Modifier Description
e Edit
p Parent
c Child
o Order
l List

Thus,

je will open the jump database to be edited if needed.

jc will search for files querying only child directories relative to the current working directory.

'jp' will do the same but for parent directories.

jo allows to specify an order number (the left most value in the jump list) instead of a string or a file name, in which case no matching process is performed.

Finally, jl just prints the matches for the given query string(s), but without changing the current directory.

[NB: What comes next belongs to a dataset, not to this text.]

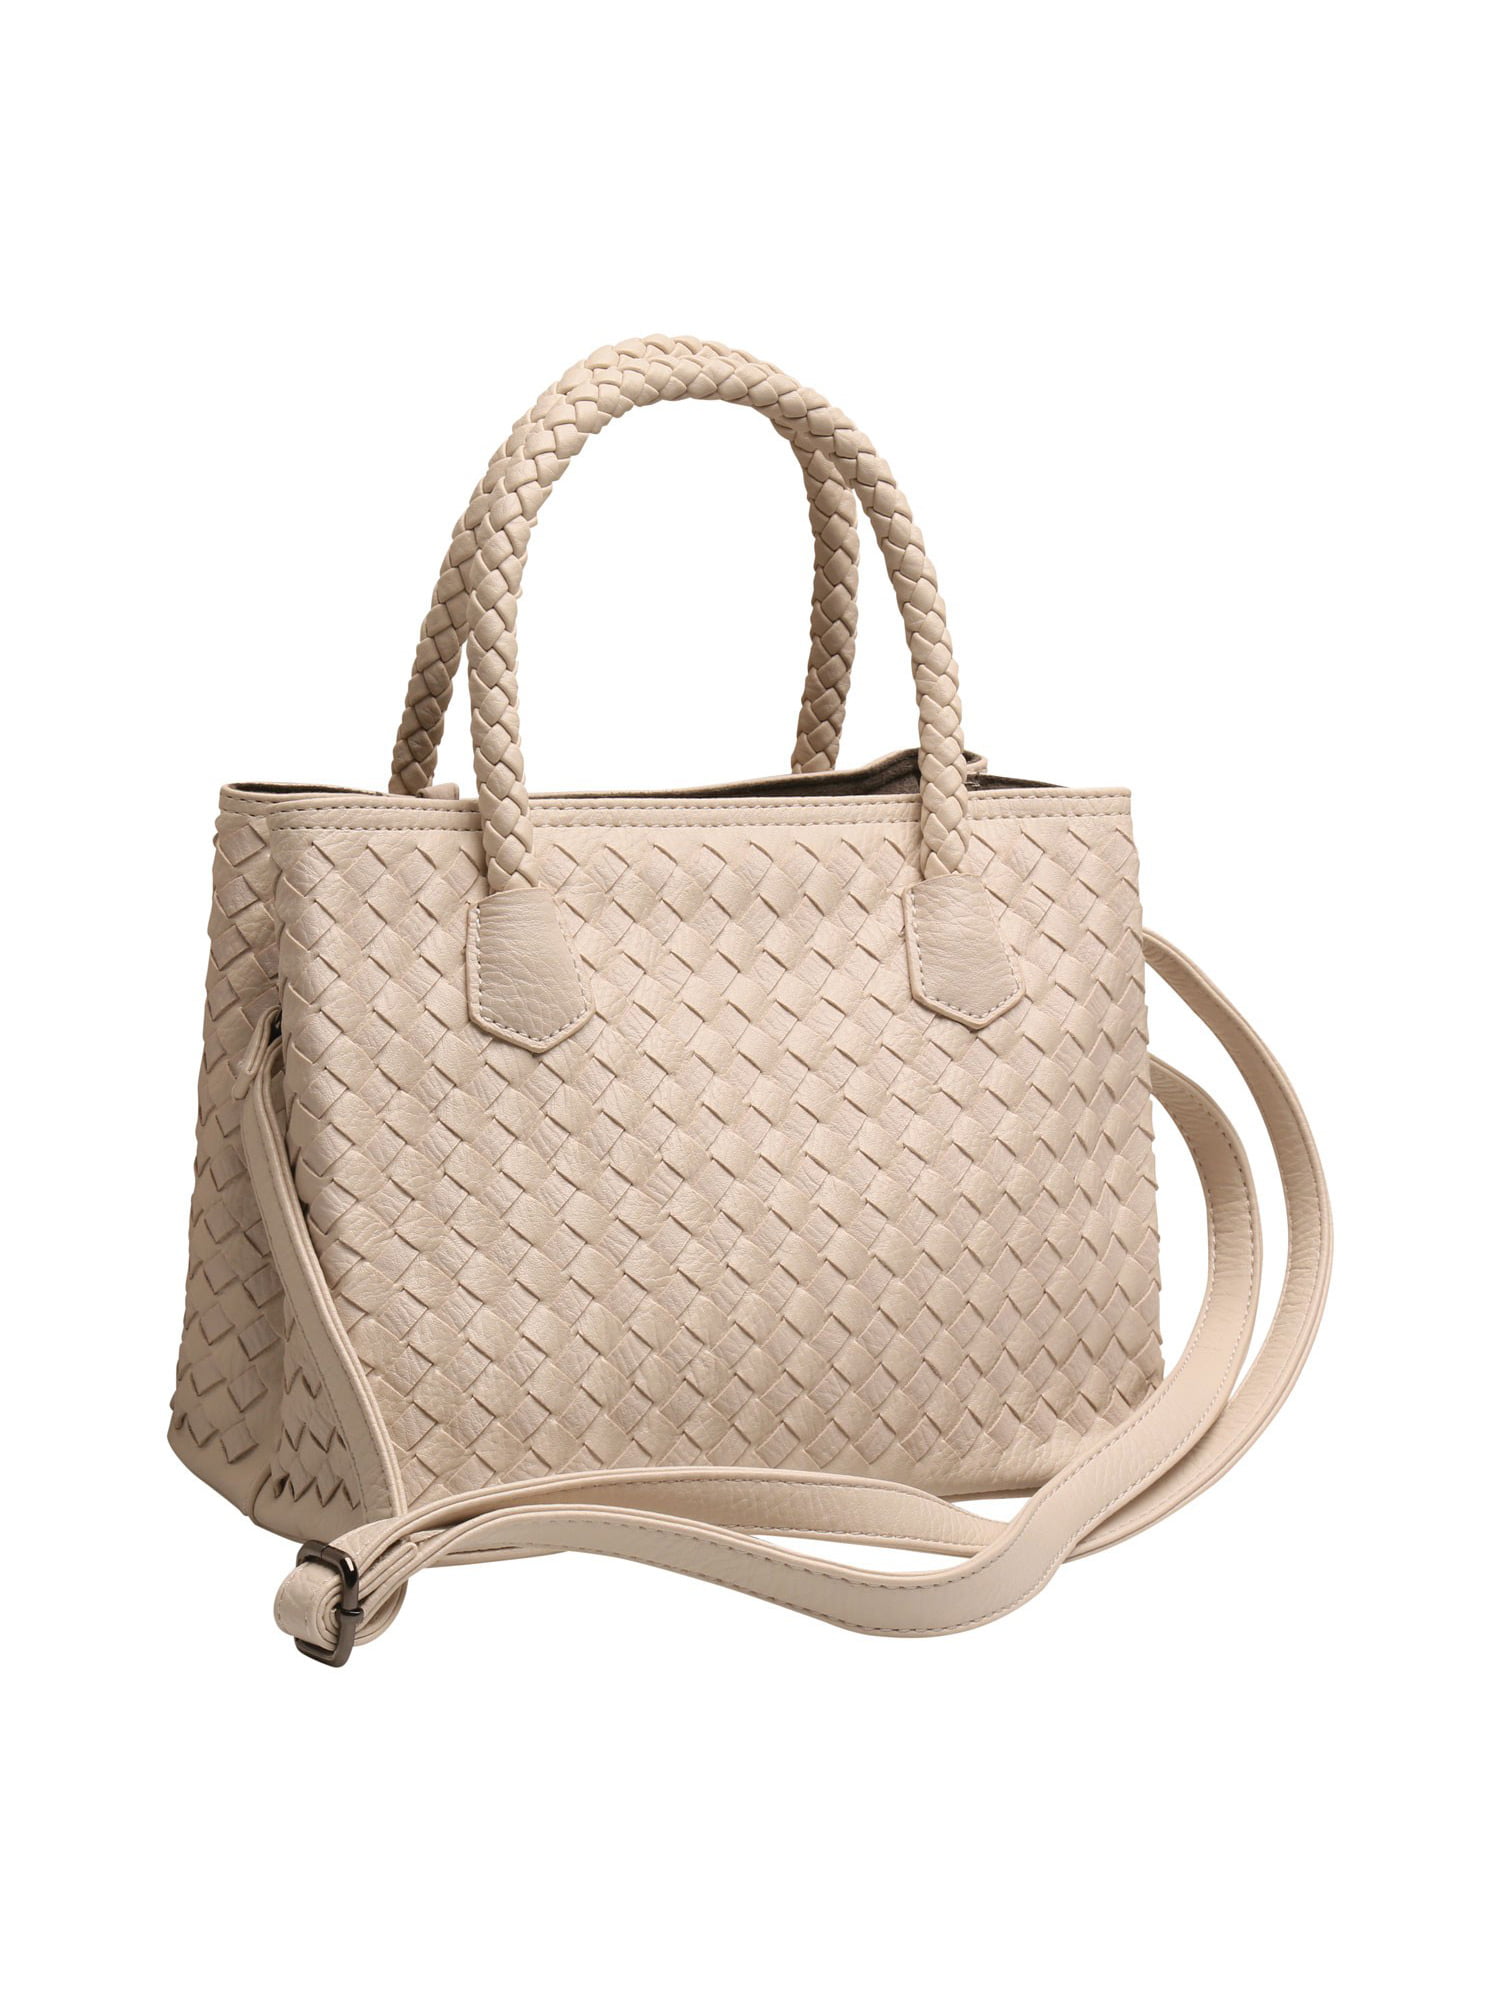 Oversized vintage Cabrelli Canada grey basket weave vinyl handbag large clutch purse gold details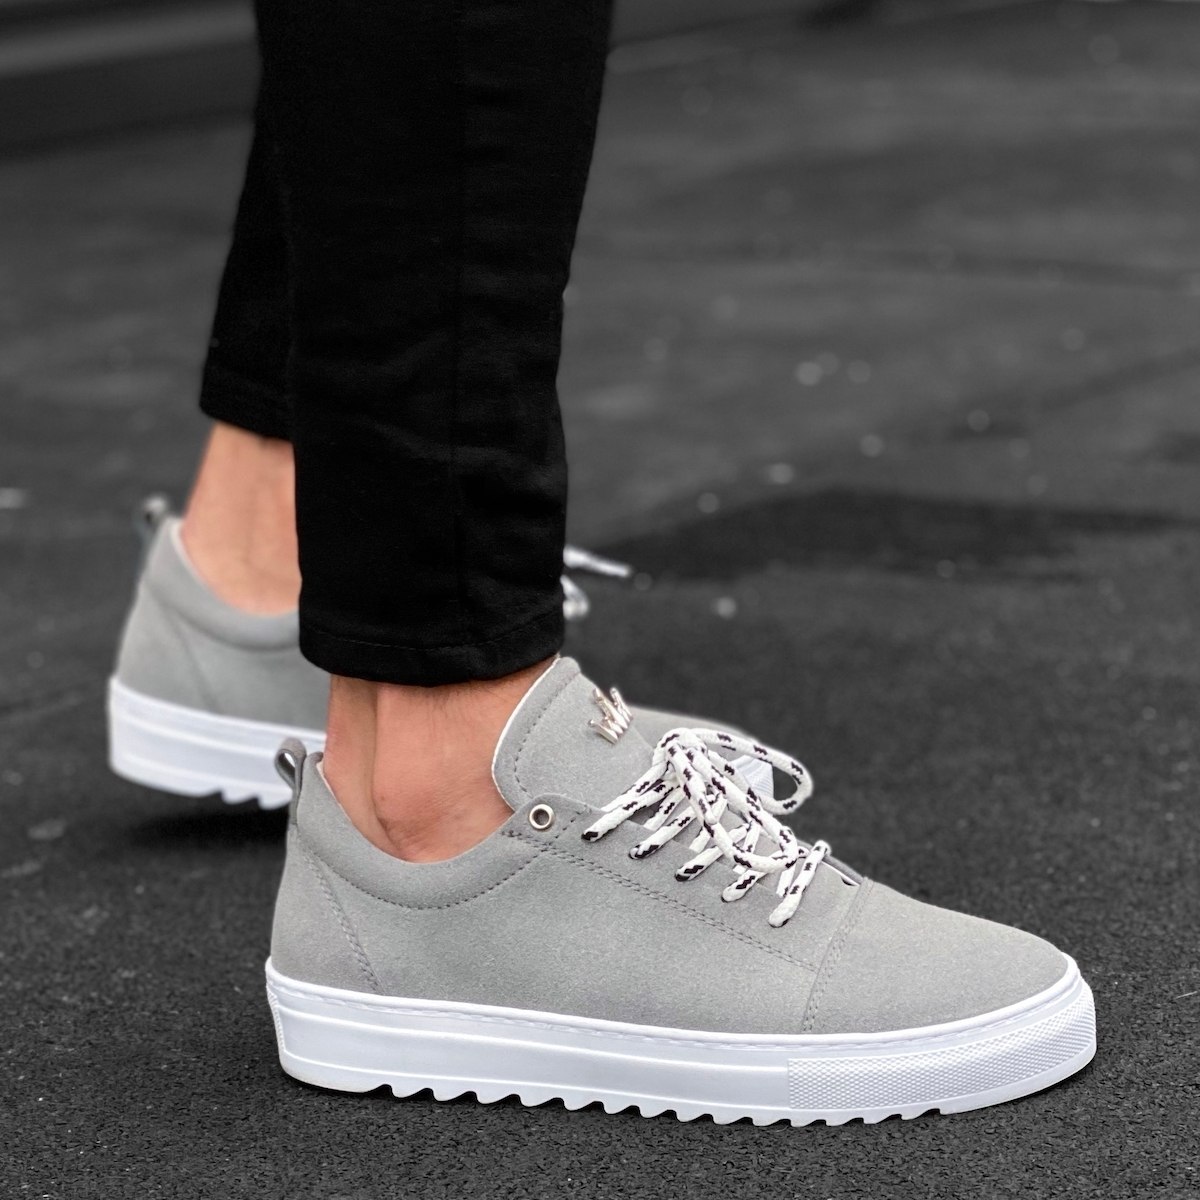 Men’s Low Top Suede Sneakers Shoes Grey | Martin Valen

Examples:

Command Description
jp foo cd to the most visited parent directory containing the string "foo"
jc bar test cd to the most visited child directory containing the strings "bar" and "test"
jo 13 cd into the path corresponding to the order number 13. TAB completion is available to expand order numbers into the corresponding paths
jl foo print all entries in the database matching the word "foo"

To reset or modify the jump database as you wish, simply open the jump file using the je command, edit whatever needs to be edited, save changes, and close the editor.

NOTE: An alternative way of navigating the jump database is using the jumper plugin (located in the plugins directory and bound by default to the ++ action name), which uses FZF to enable fuzzy searches. Just enter ++ to perform a fuzzy search over the jump database.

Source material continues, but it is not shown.